We provide a valuation allowance when it is more likely than not that deferred tax assets will not be realized. On a

periodic basis, we reassess our valuation allowances on our deferred tax assets, weighing positive and negative evidence to

assess the recoverability of the deferred tax assets. Judgment is required in making these assessments to maintain or adjust

our valuation allowances and, to the extent our future expectations change we would have to assess the recoverability of these

deferred tax assets at that time. As of December 31, 2025, we maintained a valuation allowance of $326.2 million related

primarily to U.S. state tax attributes.

We record liabilities related to uncertain tax positions by prescribing a minimum recognition threshold and measurement

attribute for the financial statement recognition and measurement of a tax position taken or expected to be taken in a tax

return.

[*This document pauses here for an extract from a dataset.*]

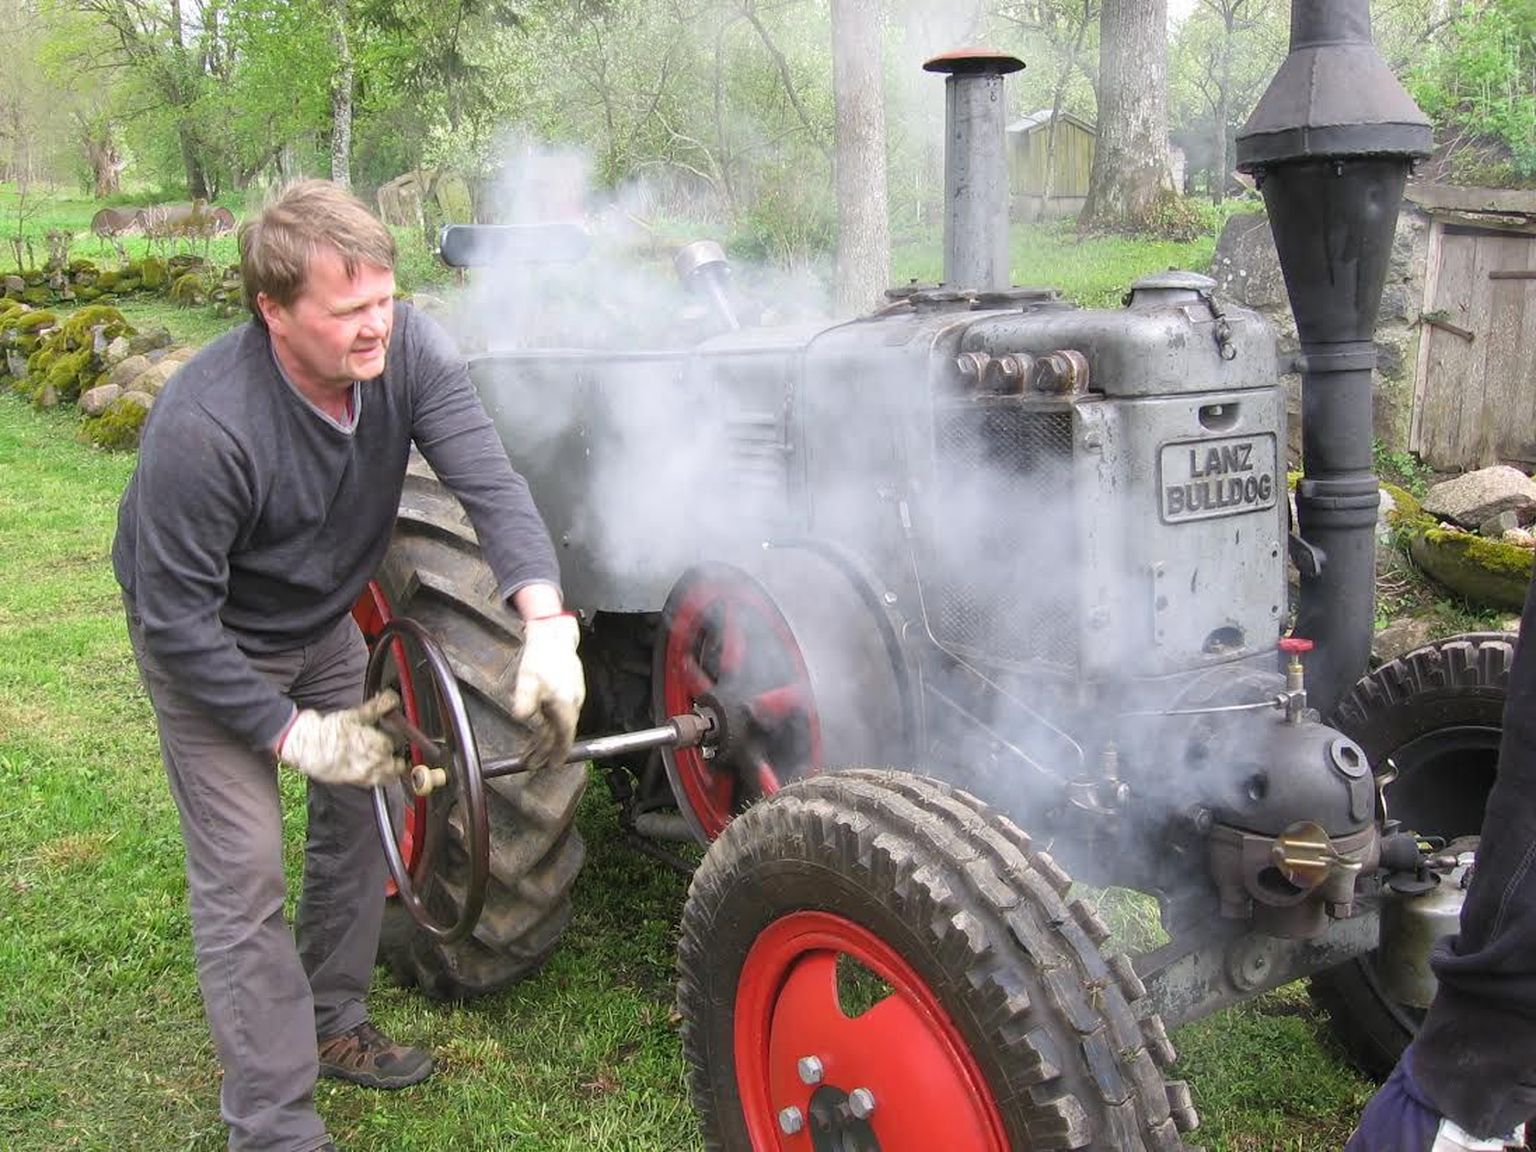 Lääne-Virumaa mehe Jüri Vilimaa ja tema töökaaslaste taastatud 1940. aastast pärinev traktor on imeriist, mis sõidab igasuguse kütusega, ka toiduõliga. Peaasi et põlev vedelik läbi pihusti mahub.

We adjust our liability to reflect any subsequent changes in the relevant facts and circumstances surrounding the

uncertain positions. We are subject to tax laws and audits in multiple jurisdictions and judgment is required in making this

assessment. Consequently, we regularly re-evaluate uncertain tax positions and consider various factors, including changes in

60

tax law, the measurement of tax positions taken or expected to be taken in tax returns, and changes in facts or circumstances

related to a tax position. As of December 31, 2025, our liability for uncertain tax positions was $852.1 million.

RECENT ACCOUNTING PRONOUNCEMENTS

Refer to Note A, “Nature of Business and Accounting Policies,” in the accompanying notes to the consolidated financial

statements for a discussion of recent accounting pronouncements and new accounting pronouncements adopted during 2025.